Rohn cut his chops in the factories of Byron Bay before a stint in California. By the time the Pro Tour was in its mid 80s, fluorescent-powered zenith, he was embedded as a high- performance shaper to the hot kids. That culminated in a zesty channel bottom he designed for 16-year-old Nick Wood, who rode it to victory at Bells Beach in 1987.
Travel boards for large, hollow waves have long been a Rohn specialty. With a test pilot like Anthony Walsh, who in any given year is possibly the most barreled human being on the planet, he’s well placed to decipher the shifts in theory and design for boards made for waves of consequence, and then apply it to the recreational surfer.
He believes the increase in nose area and thickness repre-sents the greatest recent advance in surfboard design, showing me a pair of two needle-nosed blades from 20 years ago as examples of how far we’ve come. Kelly Slater changed common thinking, according to Gunther, “six or seven years ago, when he surfed big Pipe on a 6’5″.” That pulled the nose out in relation to the wide point, he explains, and shifted it forward. “And that’s where it’s gone—shorter but a lot wider and thicker.”
A two-board quiver for a stint at a freight-training reef pass like Cloudbreak involves a serious change between the two pieces of equipment. A tube- hound like Walsh will ride a 6’8″ in most wave sizes up to nearly the maximum, knifing in under the ledge.
“Then when the waves get up to their absolute limit,” says Rohn, “it’s just a whole different realm. The waves move so much faster. When it gets really big, boards should start with dimensions around 8’8″ × 22″ × 3 1/4″. The size jumps dramatically because you need the hull speed to get into the wave. Even an 8’8″ can be small in certain circumstances. You might even want something like a 9’6″.”
Aside from a more single-fin oriented outline with the wide-point forward, the other notable specifics in board design for a wave like Cloudbreak is the type of drag employed. “You need to ride a four-fin now,” Rohn says. “Two fins on a rail hang in better than a thruster, and it keeps a bit of freedom there—a bit of looseness.”
Rohn doesn’t see any major design changes on the horizon for an increasingly surreal wavescape. “Anything out of left field will do left field things,” he says. “You want reliability in serious waves. You just want to harness the power, not play with it too much.”
For the recreational surfer looking to step up their wave range and tube time, he sounds a note of caution. “A wave like massive Cloudbreak is nothing to be sneezed at. It’s amazing to me that fatalities aren’t higher. Fuck, better to be over gunned than under gunned. My advice is to go bigger than you think you should be getting.” ×
4. Biomimicry, Flex, and Rocker
Mitchell Rae
Raleigh, New South Wales
Mitchell Rae has spent his career concentrating on low-number, labor-intensive custom board building that’s focused on advancing the use of flex, as pioneered by George Greenough. Biomimicry—using natural forms with clear functional parallels to wave riding—is his overriding philosophy. Carbon-flex tails, V stringer blanks, complex concave hulls, and custom glassing techniques are part of the Rae oeuvre. Indonesia has been the main testing ground for these designs for the last 30 years.
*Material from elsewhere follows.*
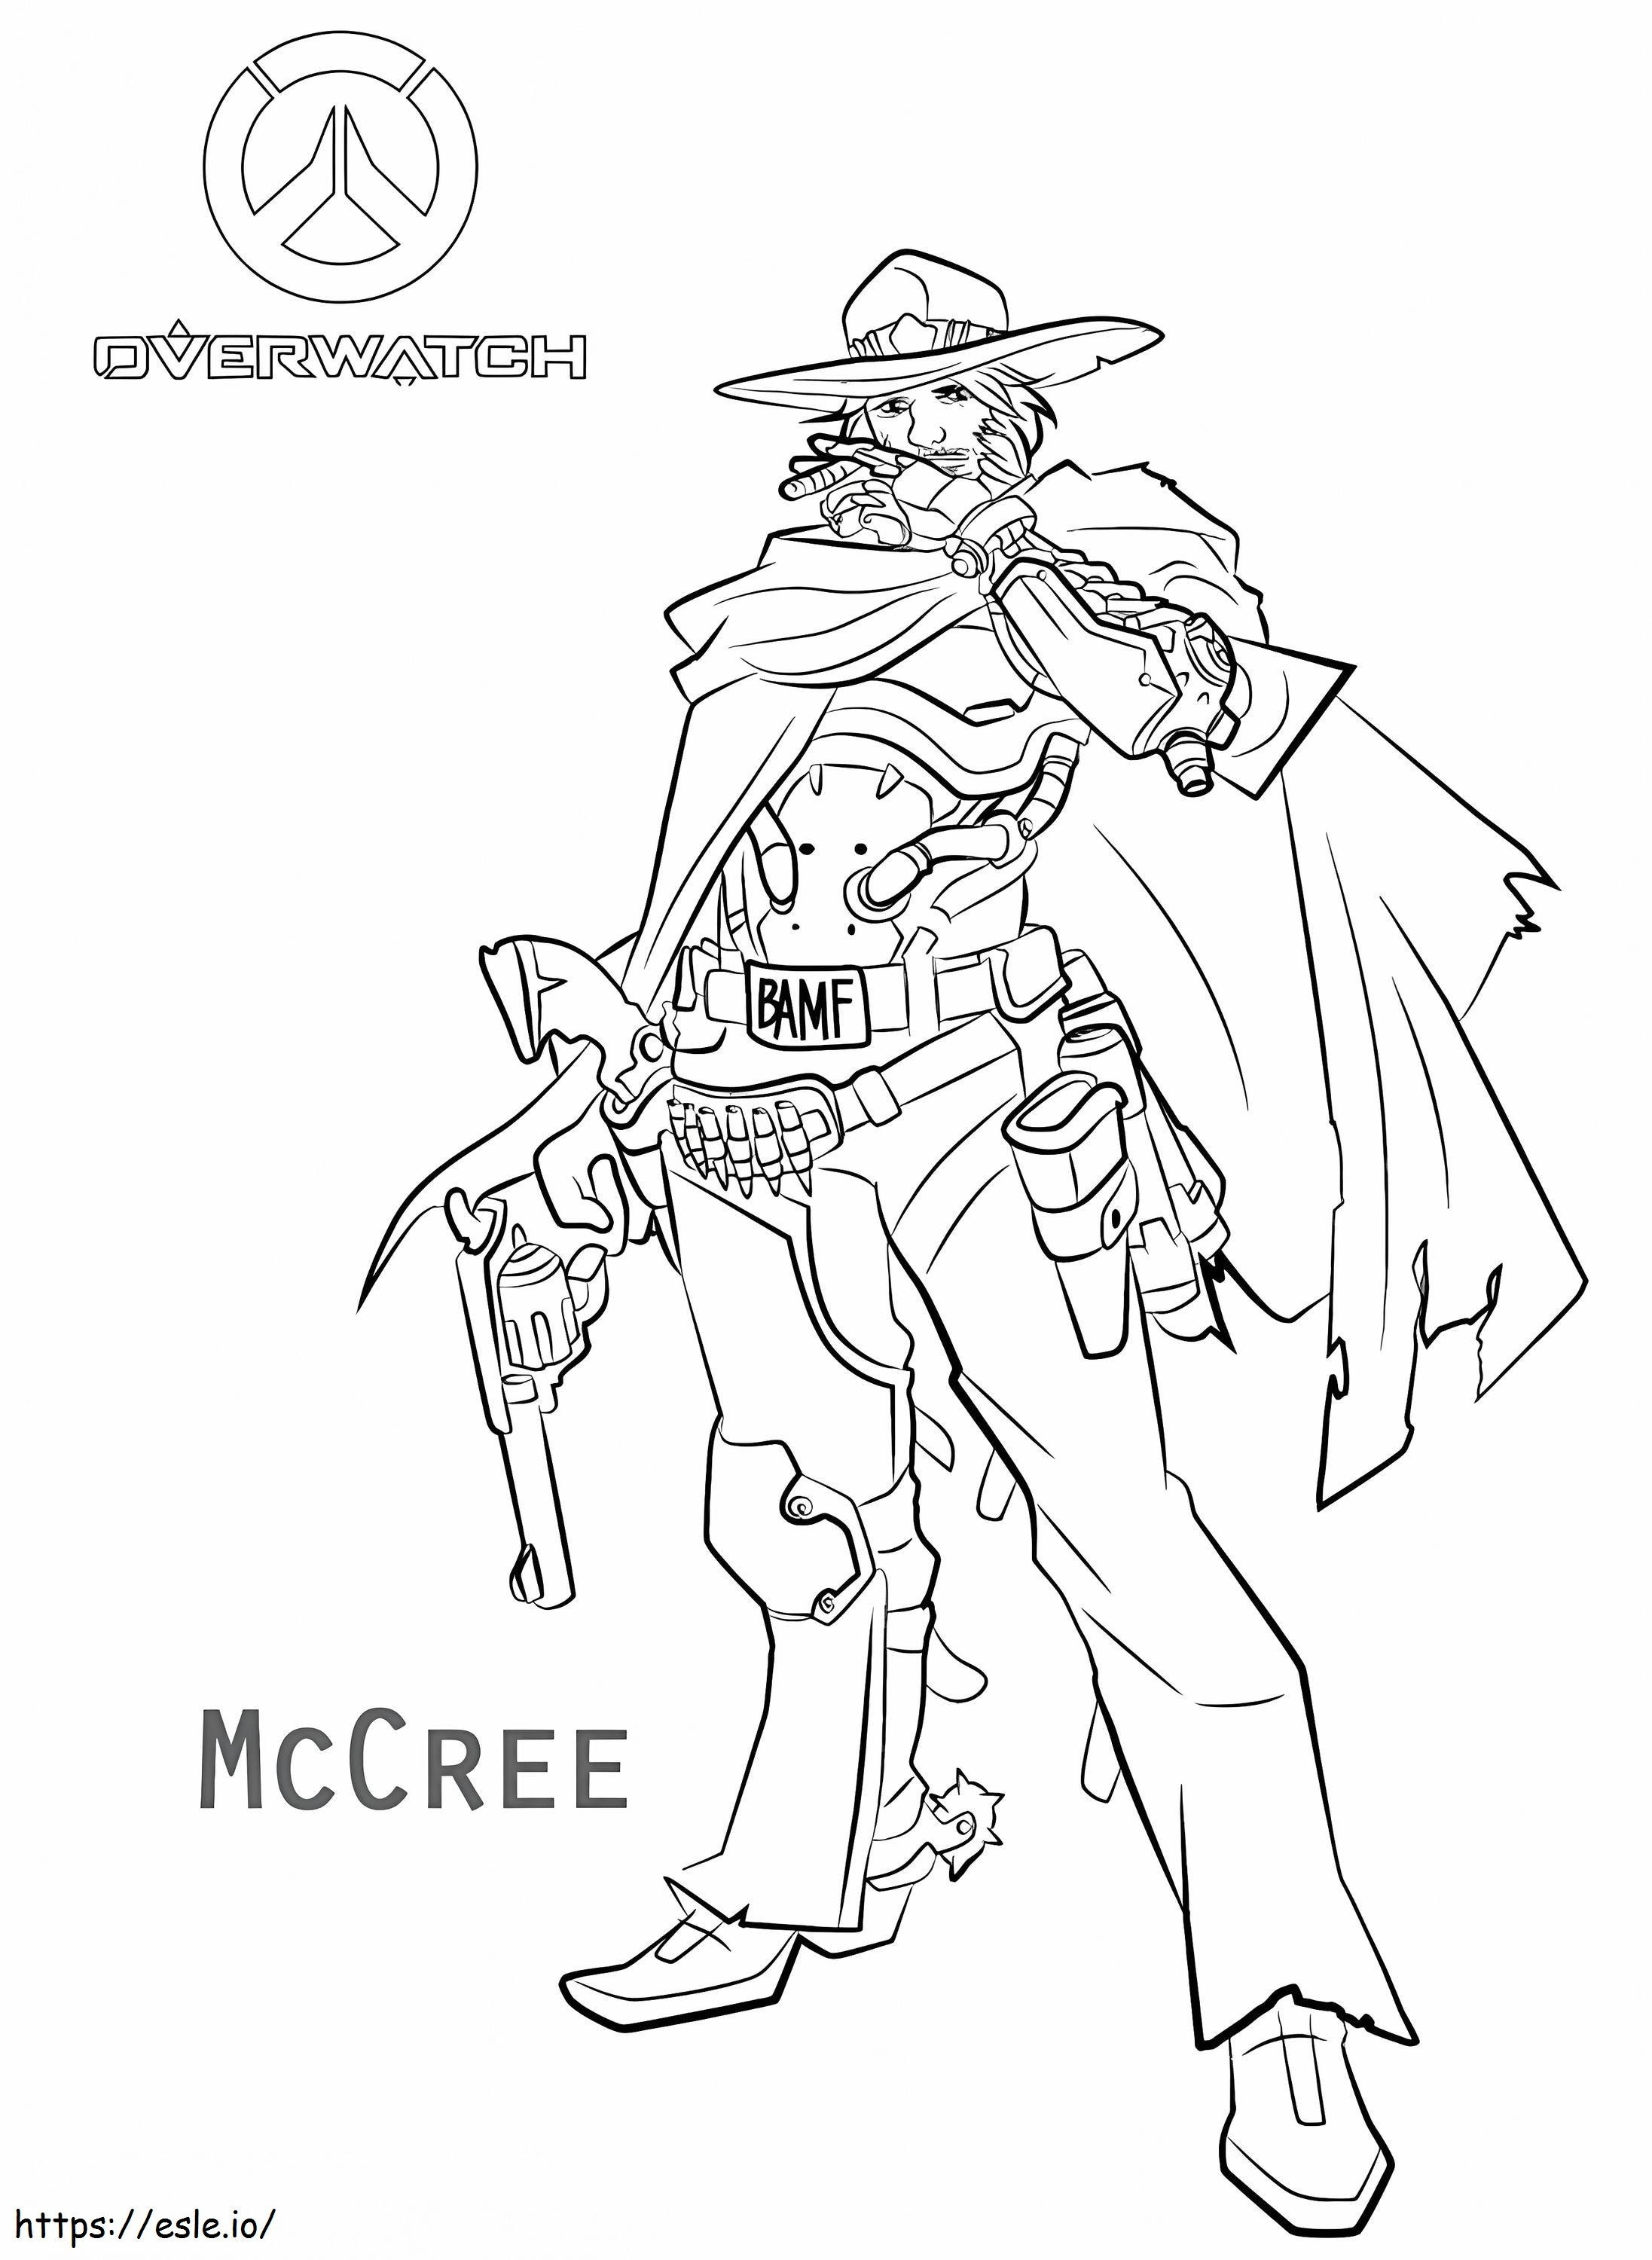 1595553137 1573140333Overwatch Mccree coloring page

For a two-board Indo quiver that can handle anything the archipelago dishes up, Rae sees, like other shapers, a clear generational distinction in approach. “Young guys think of a gun as being 6’3″ or 6’4″, and are riding a 5’10” as a regular shortboard,” he says. “There are merits to riding such short boards, but I see that approach as being largely contest driven. I tend to think you make a lot of sacrifices riding such a small board. There’s a real beauty to riding slightly bigger boards with longer lines.”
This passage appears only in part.